Imaging of low frequency sound fields in air

Imaging of acoustic fields has been of interest for a long time. To see with sound waves instead of ordinary light waves is an intriguing concept. Naturally, humans are not capable of doing image processing with acoustic data like some kinds of animals.

However, the idea of imaging with sound waves in animals was not recognized until 1793 by the Italian scientist Spallanzani.^ The idea was first used to build an imaging device called SONAR during World War I. Later many devices for imaging through optically opaque objects were invented. The motivations for acoustic imaging are the capabilities to see through opaque objects and test some mechanical properties of sample materials by introducing mechanical perturbations into them. Generally, there are two basic methods used to image acoustic fields: utilizing piezoelectric or optical devices.

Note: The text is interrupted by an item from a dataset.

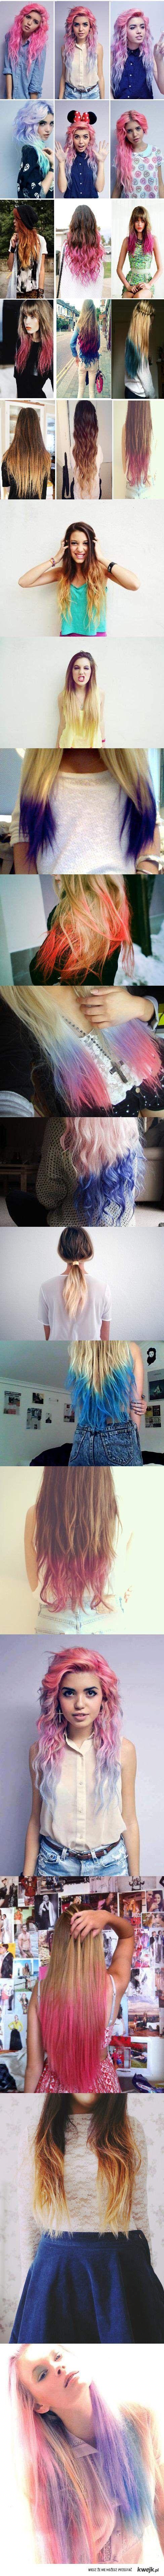 loveloveloveLong Hairstyles Ombre, Dyed Hair, Hair Colors, Dips Dyed, Dips Dyes, Ombre Hair, Colours Hair, Hair Style, Colors Hair

Devices that employ piezoelectric transducers are very compact and efficient. They are also very sensitive. The high sensitivity property is very important for medical applications in which a high level of insonification, the input strength, is not allowed. On the other hand, a device that employs a laser beam can be quite bulky and less sensitive. The advantages the laser device has over piezoelectric devices are the variable operating frequency and the ability to detect phase and amplitude at the same time.

This thesis will describe a system that uses a laser beam to image an acoustic field in air. Usually when we talk about sound or acoustic waves, we think of audio frequencies, (in the range of 20 - 20,000 Hz). However, in this thesis we will not put that limit on any acoustic wave, i.e., an acoustic field can be in any frequency range.